> Source material:
+++
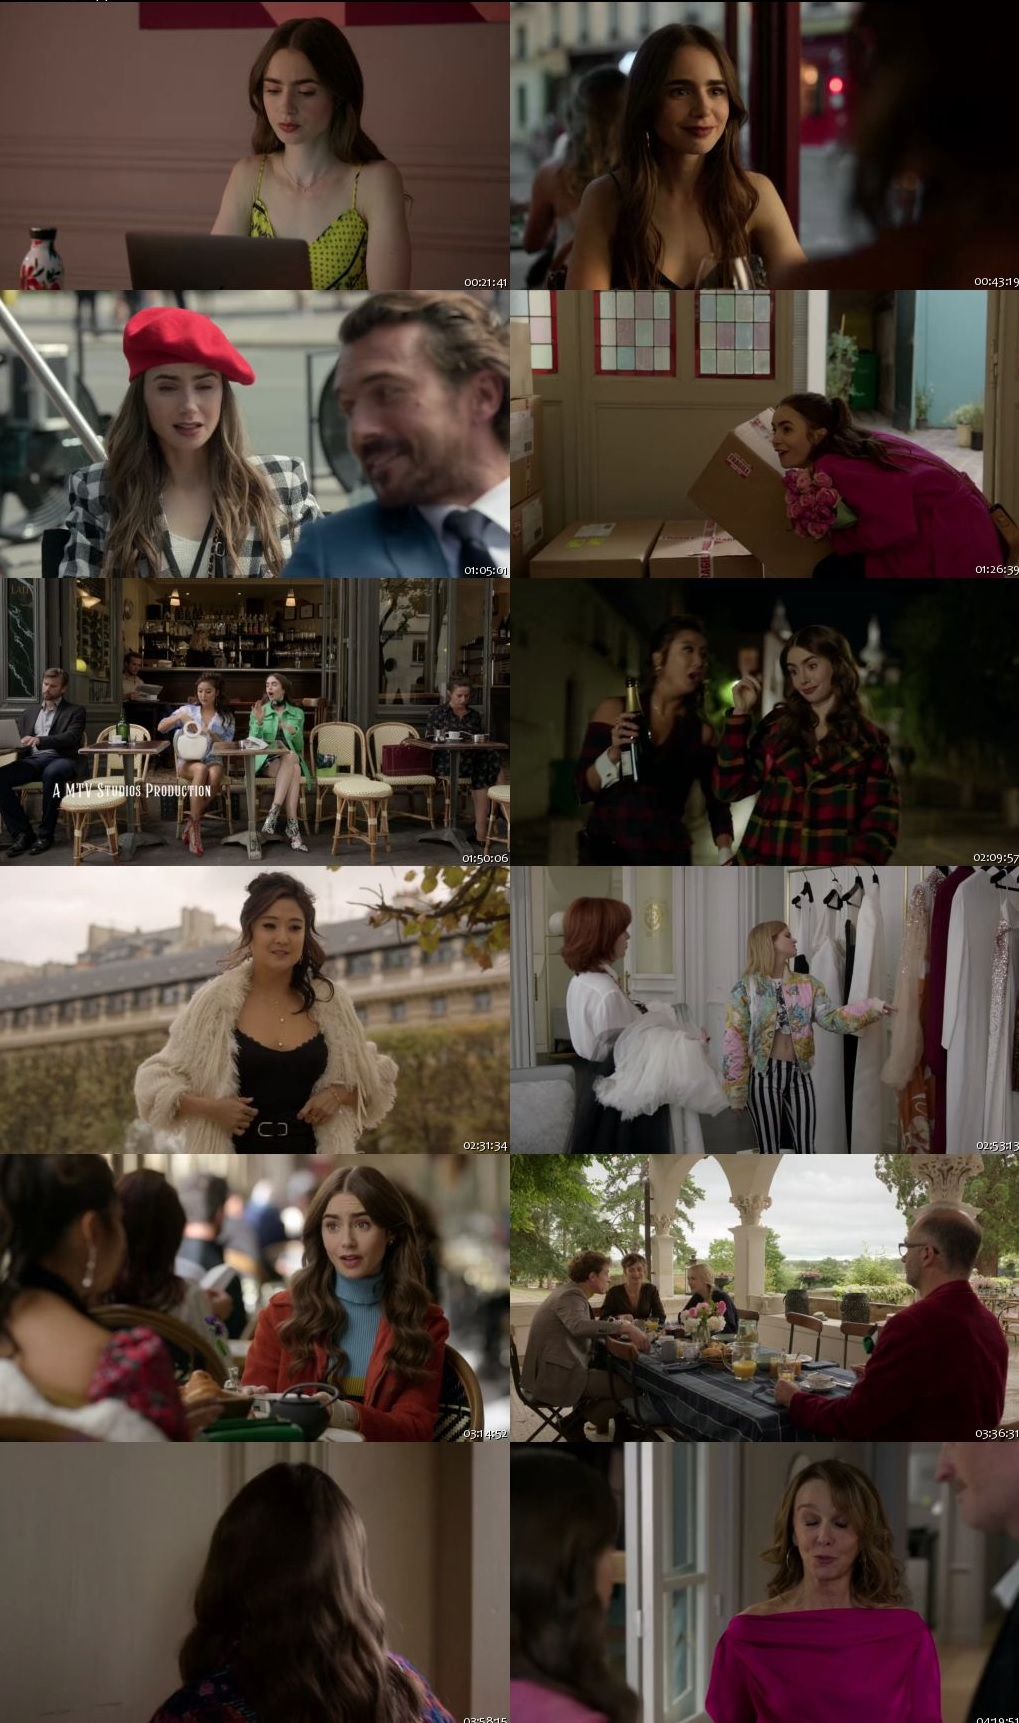 Emily in Paris 2020 (Season 1)
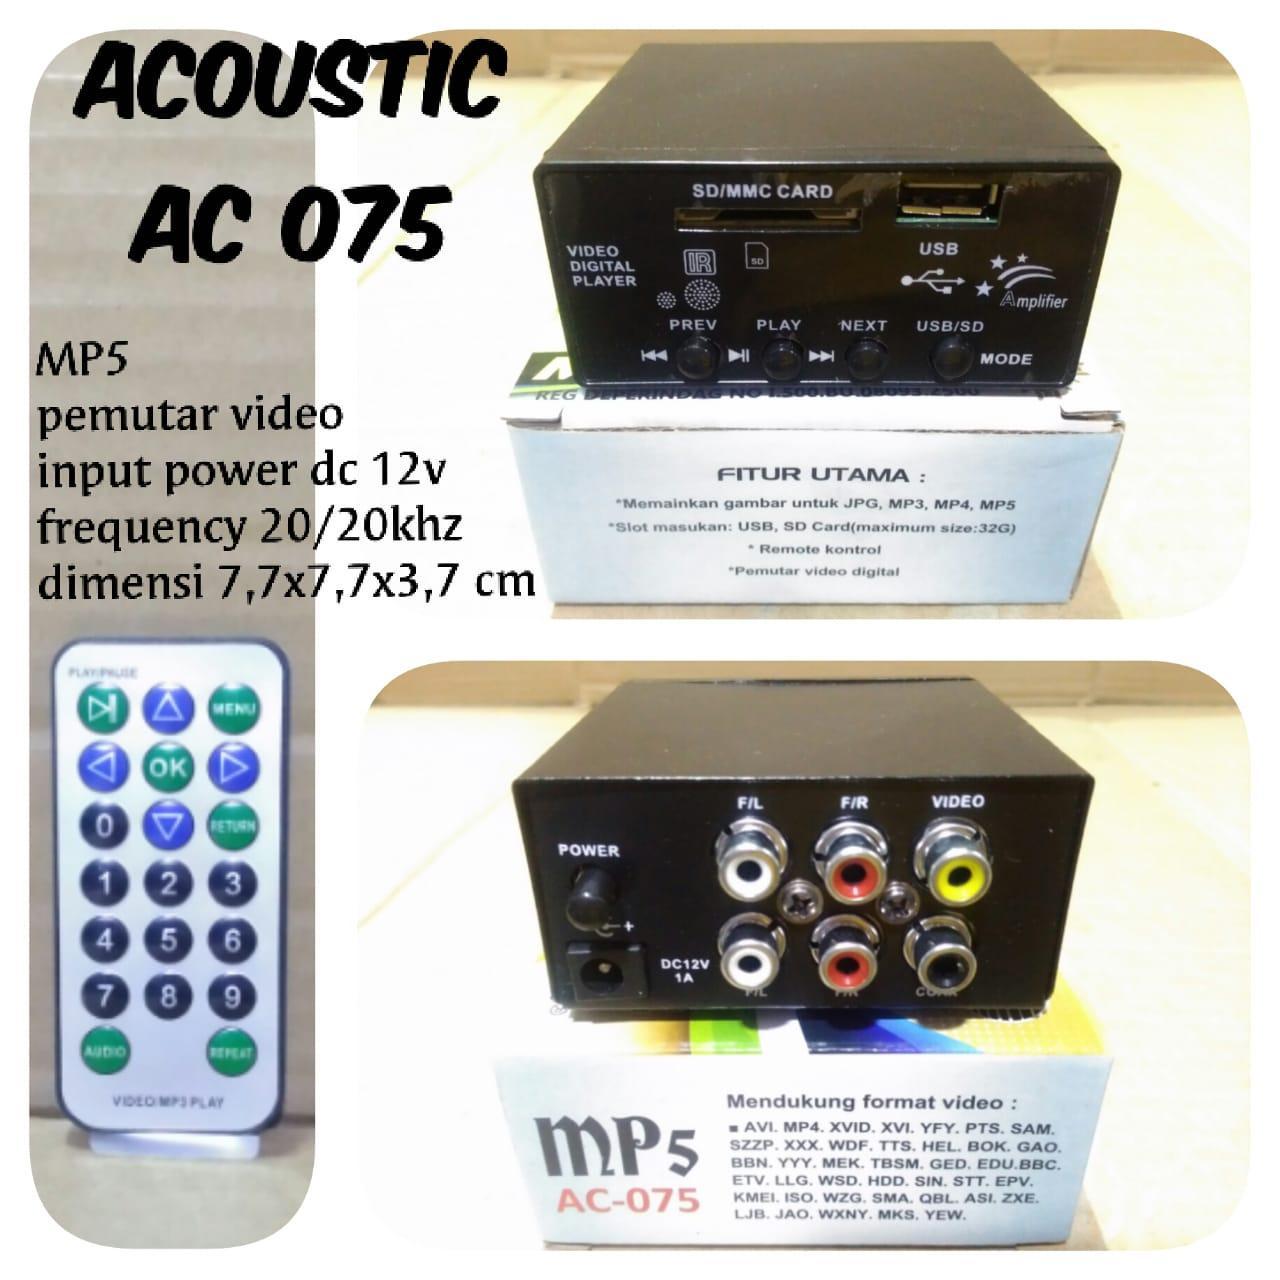 alat pemutar PLAYER MP4 MP5 MP3 USB VIDEO film ac dc LTHS
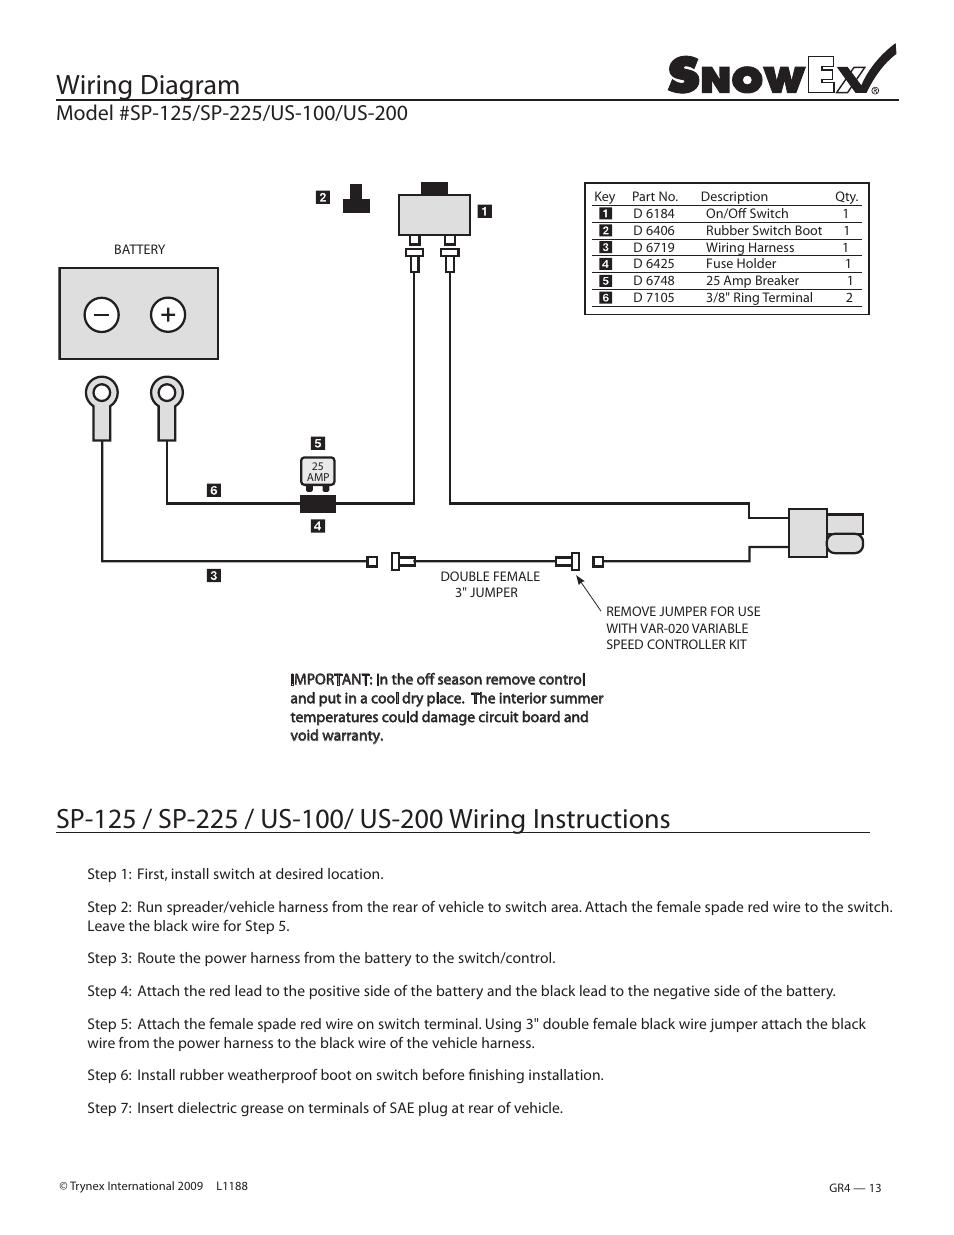 medium resolution of wiring diagram snowex sp 225 us 200 user manual page 13 27
+++
Output the data exactly as it appears. The pictures do not belong in it.

 Emily in Paris 2020 (Season 1)
 alat pemutar PLAYER MP4 MP5 MP3 USB VIDEO film ac dc LTHS
 medium resolution of wiring diagram snowex sp 225 us 200 user manual page 13 27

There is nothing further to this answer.